§ What needs to be done
Reproduce the full listing below unchanged, apart from the pictures.

§ Data block
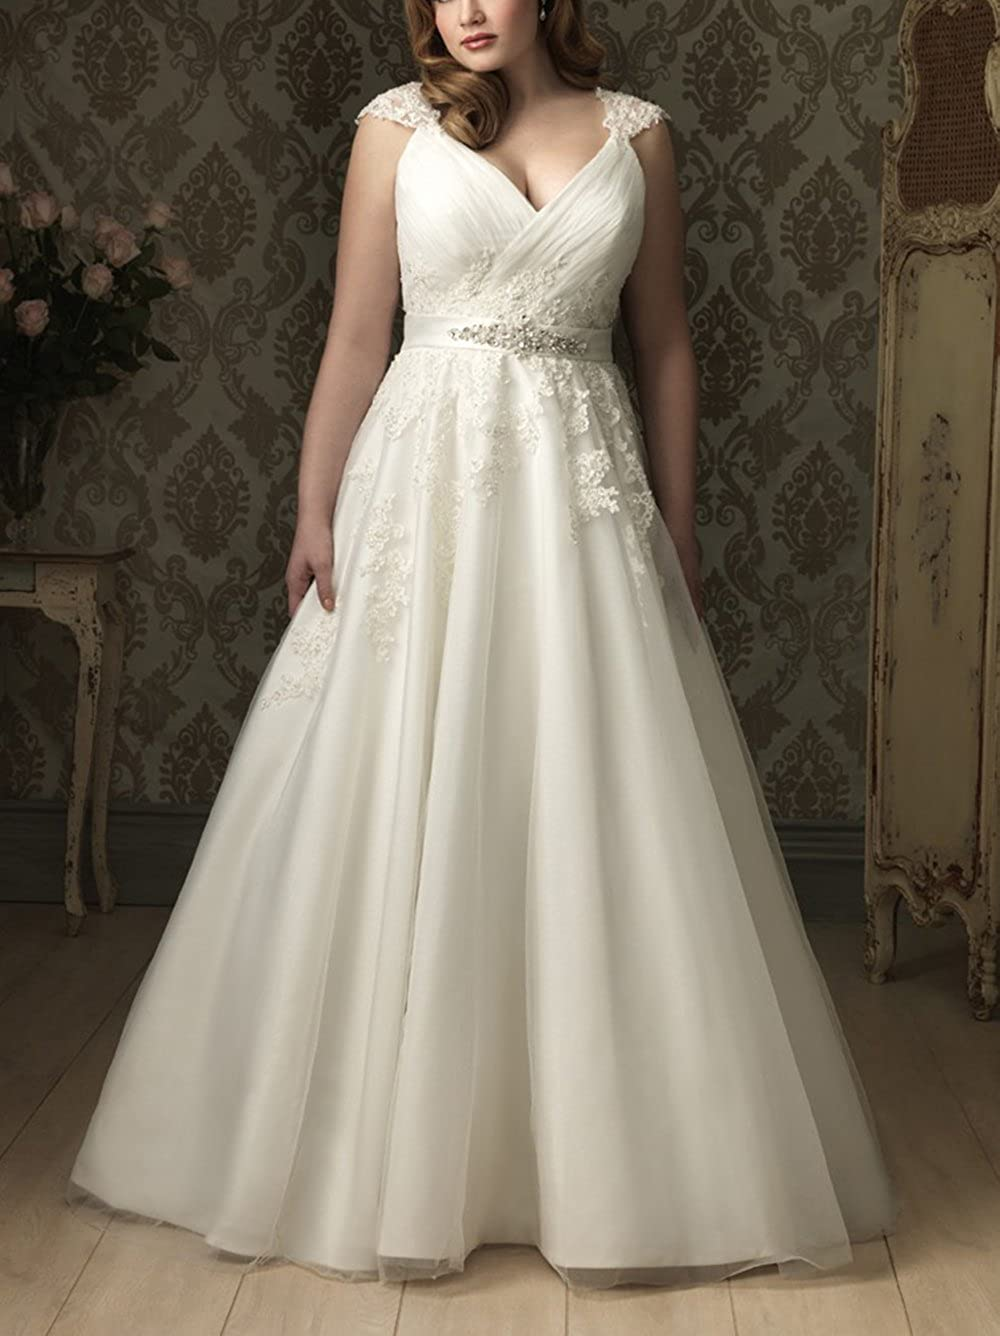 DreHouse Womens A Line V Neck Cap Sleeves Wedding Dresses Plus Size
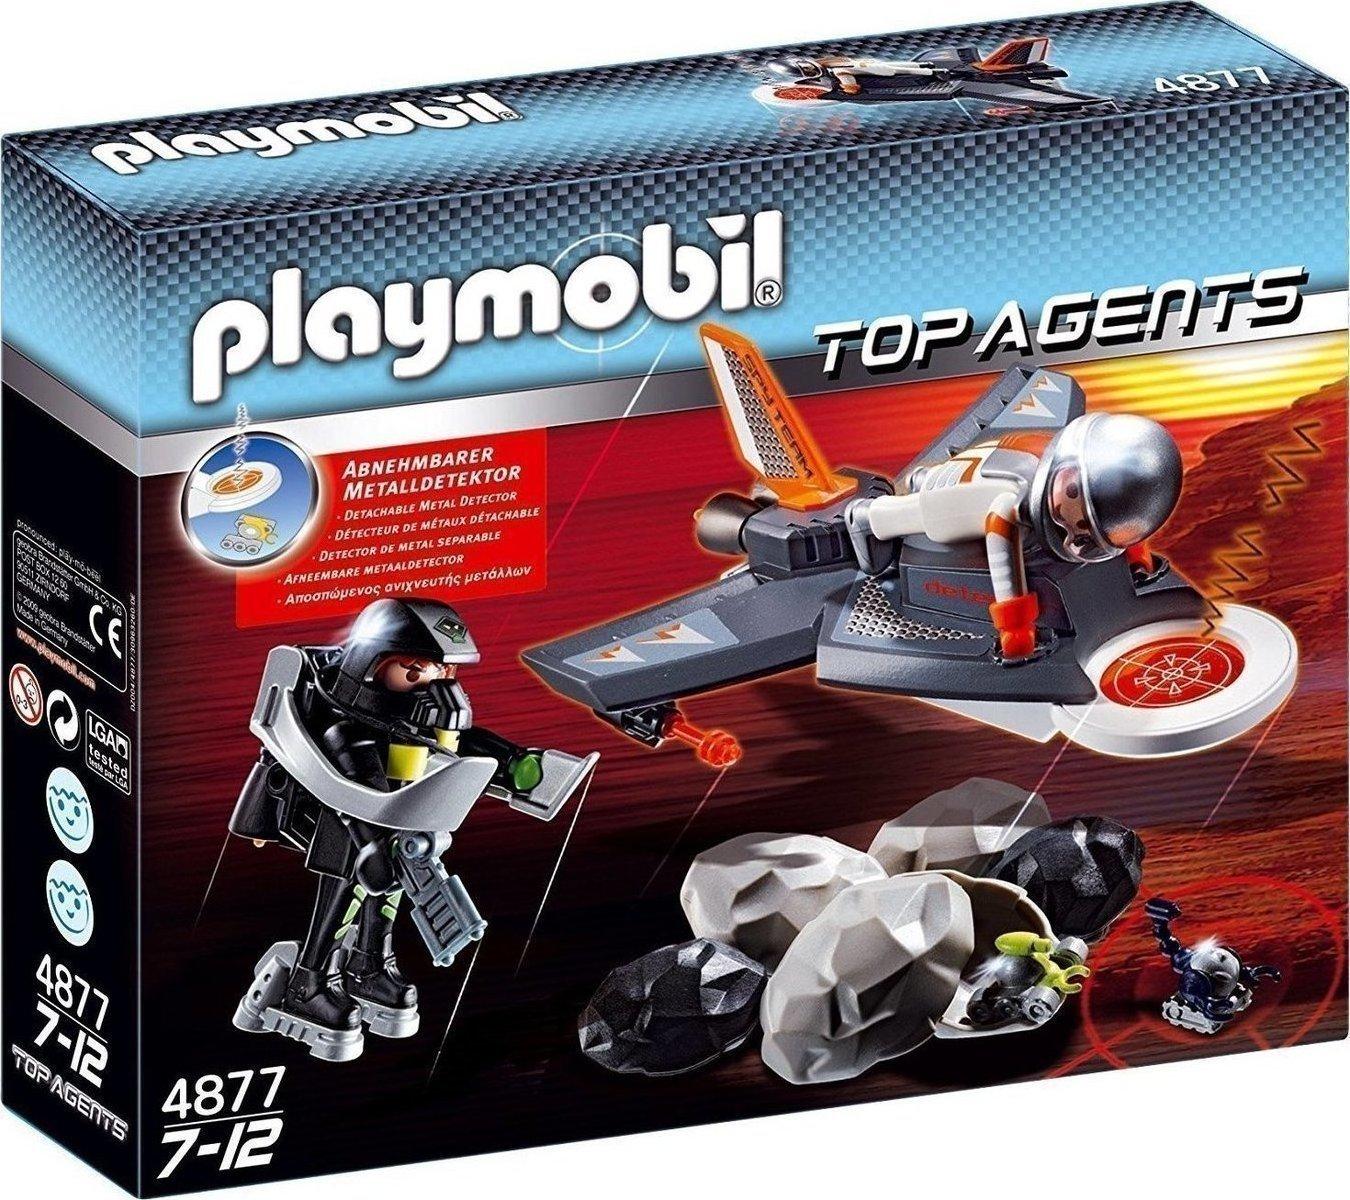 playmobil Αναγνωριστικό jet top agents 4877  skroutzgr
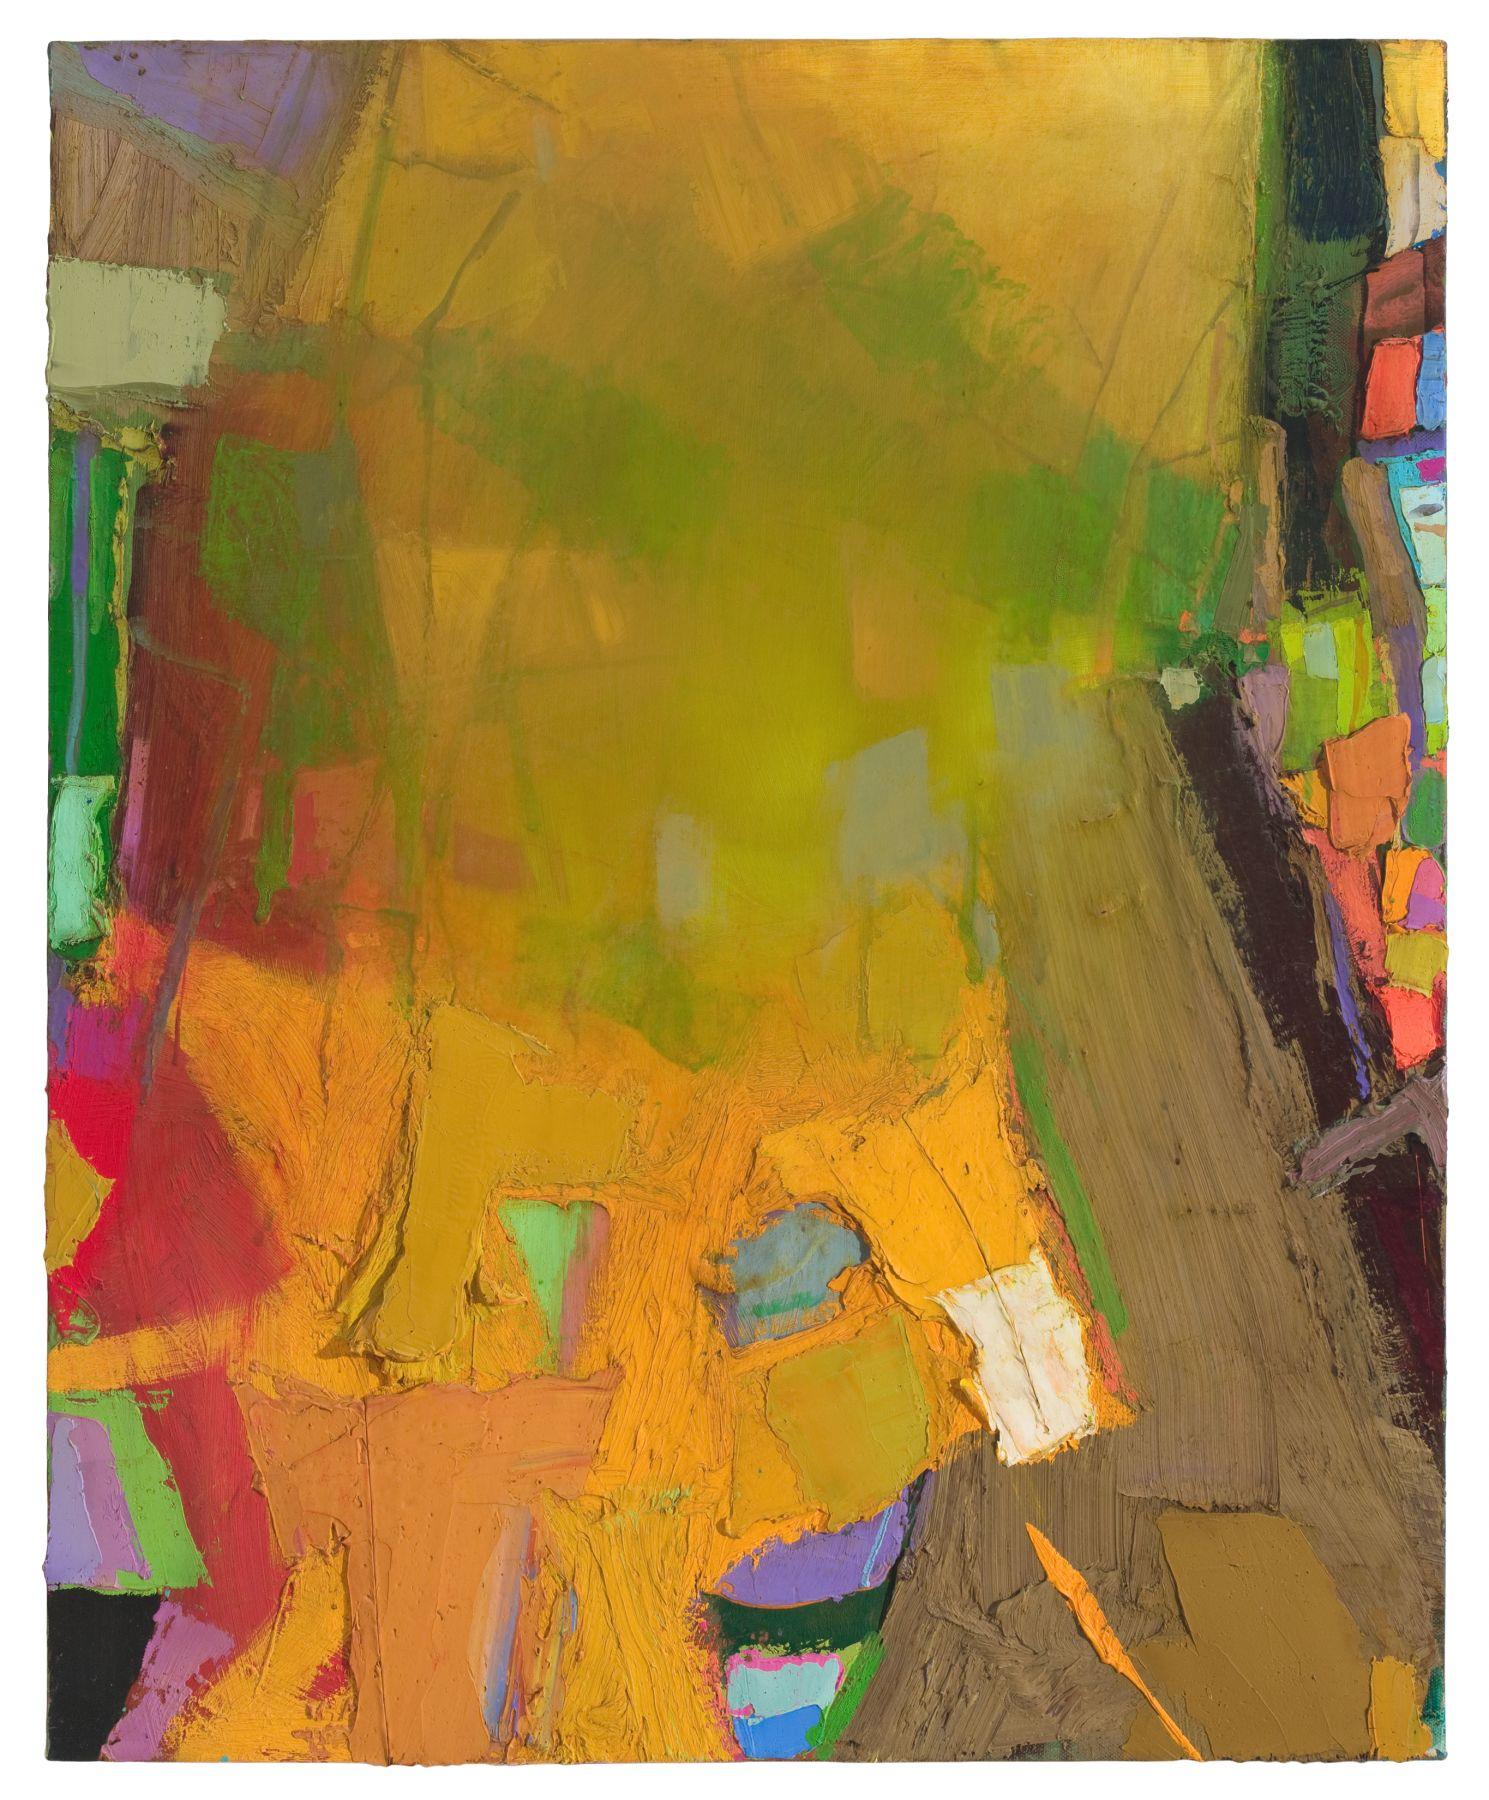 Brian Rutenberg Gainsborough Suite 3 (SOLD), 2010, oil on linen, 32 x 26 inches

§ Written response
 DreHouse Womens A Line V Neck Cap Sleeves Wedding Dresses Plus Size
 playmobil Αναγνωριστικό jet top agents 4877  skroutzgr
 Brian Rutenberg Gainsborough Suite 3 (SOLD), 2010, oil on linen, 32 x 26 inches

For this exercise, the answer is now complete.